Exercise requirements: Copy the data that follows exactly. Include no pictures.

*** Available data ***

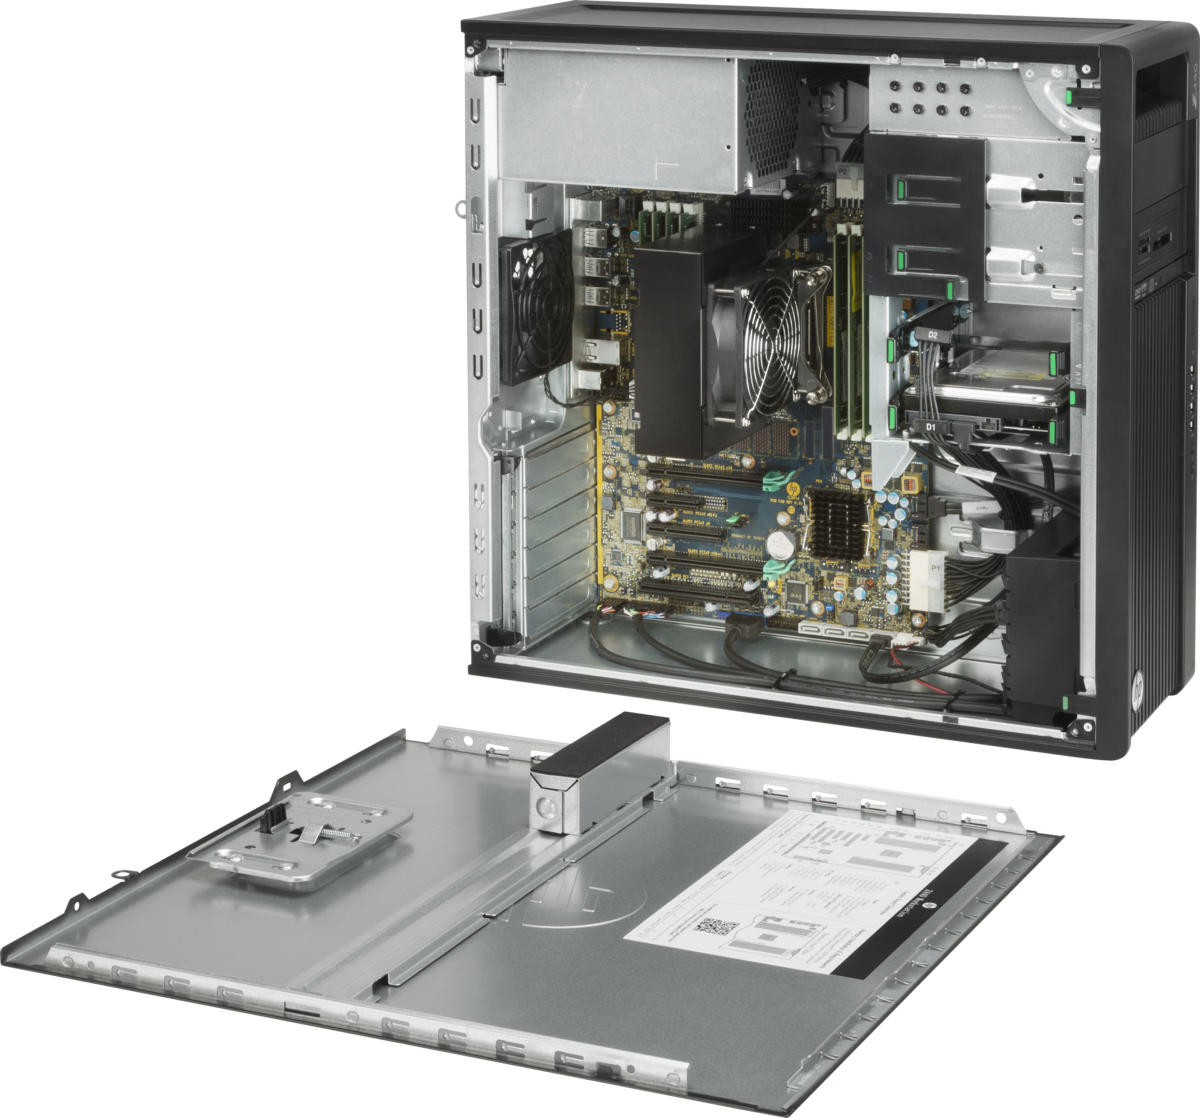 デスクトップパソコン hp Z440 Workstation Xeon E5-1620 v4 3.5GHz
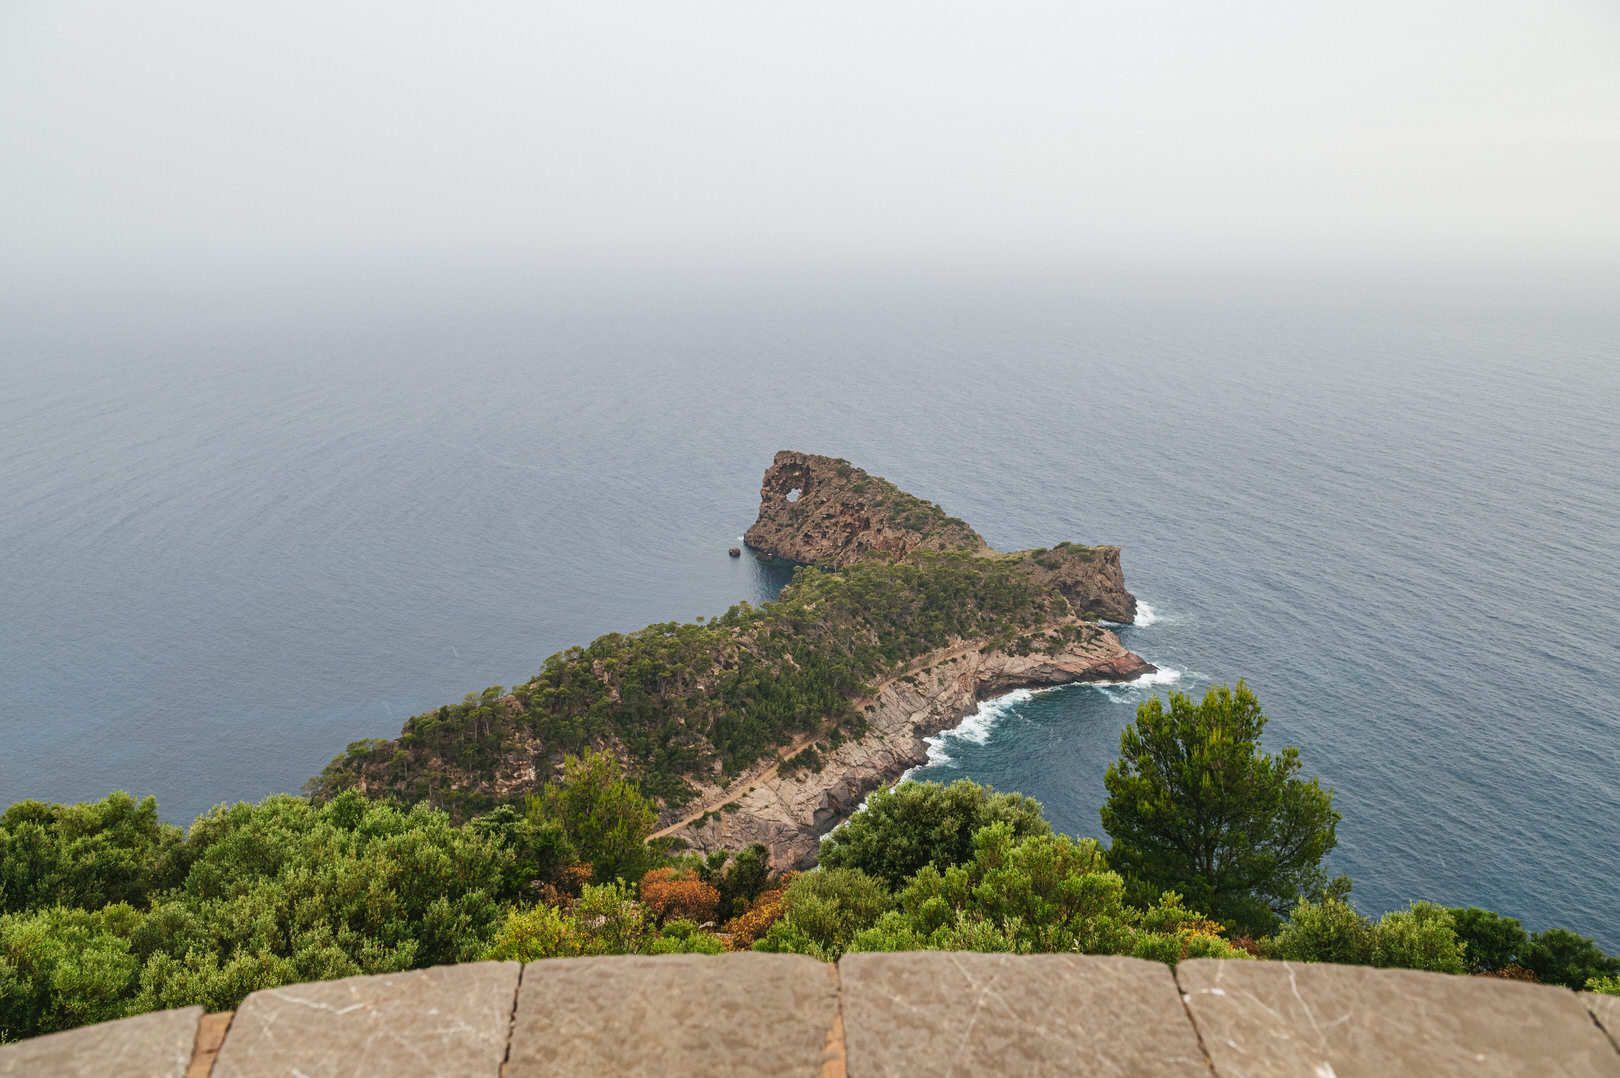 Mirador de Sa Foradada auf Mallorca – Felsenloch
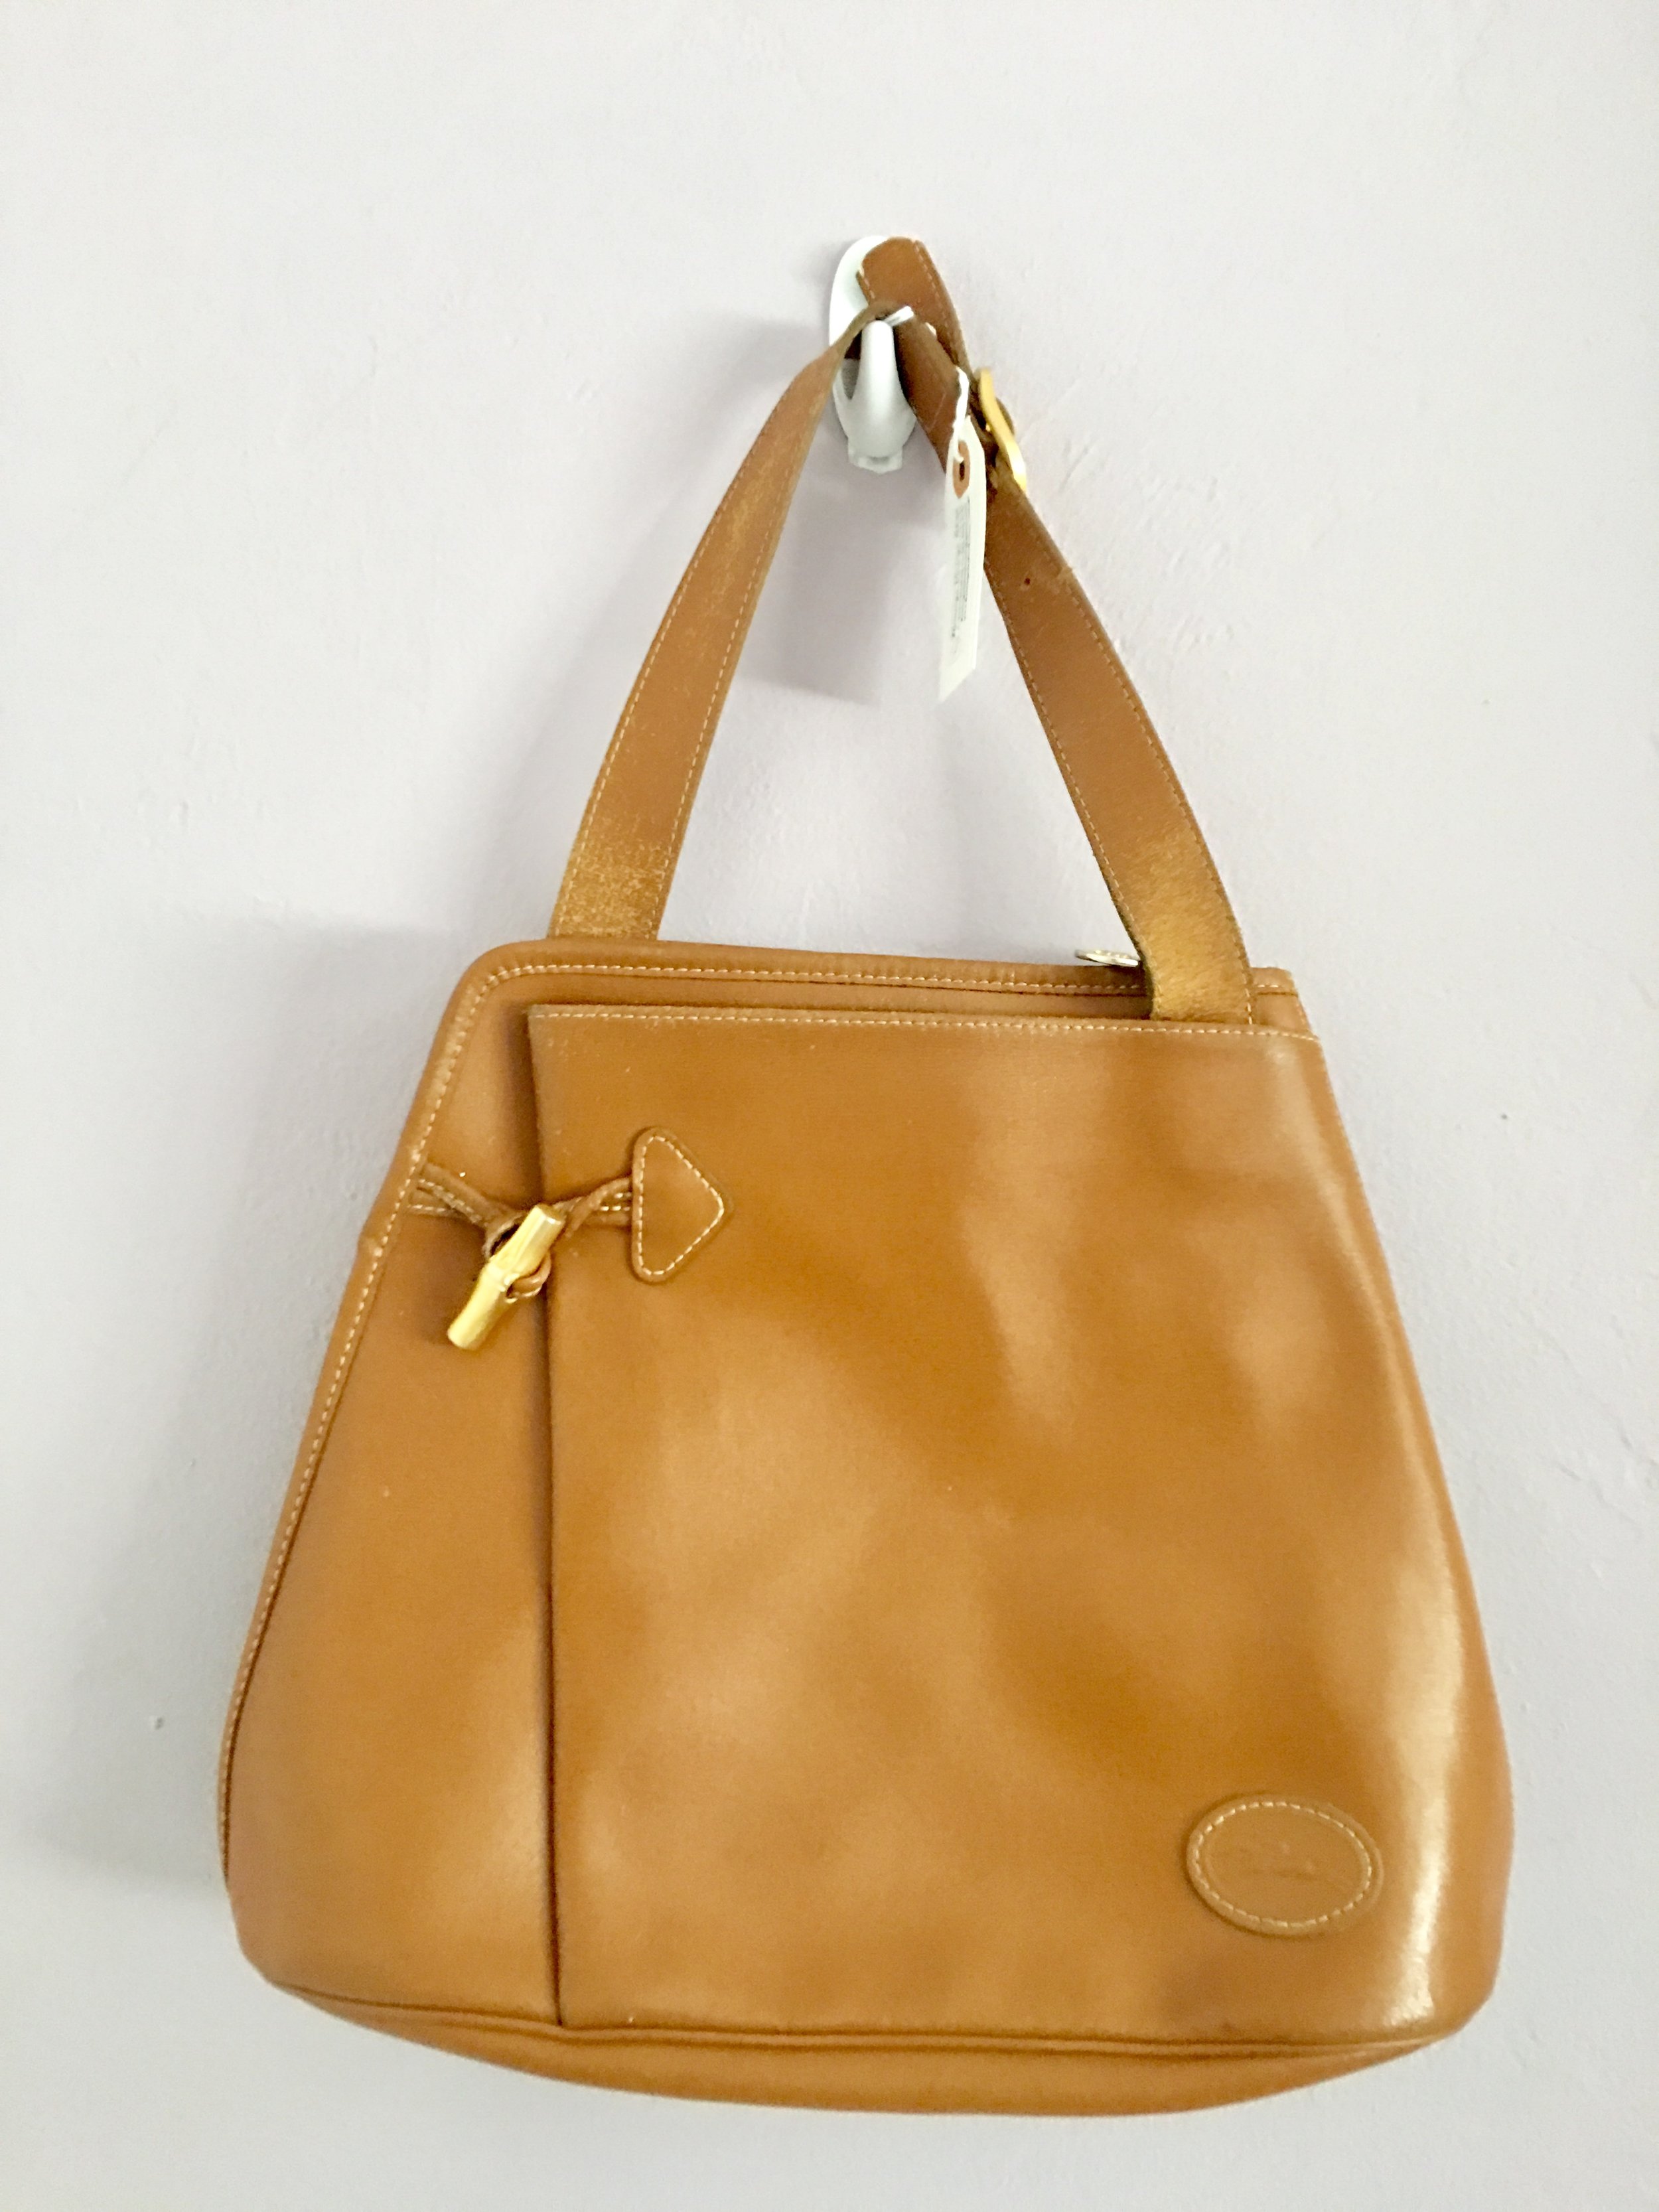 longchamp orange leather bag

*** End of Available data ***

Solution for this problem:
 デスクトップパソコン hp Z440 Workstation Xeon E5-1620 v4 3.5GHz
 Mirador de Sa Foradada auf Mallorca – Felsenloch
 longchamp orange leather bag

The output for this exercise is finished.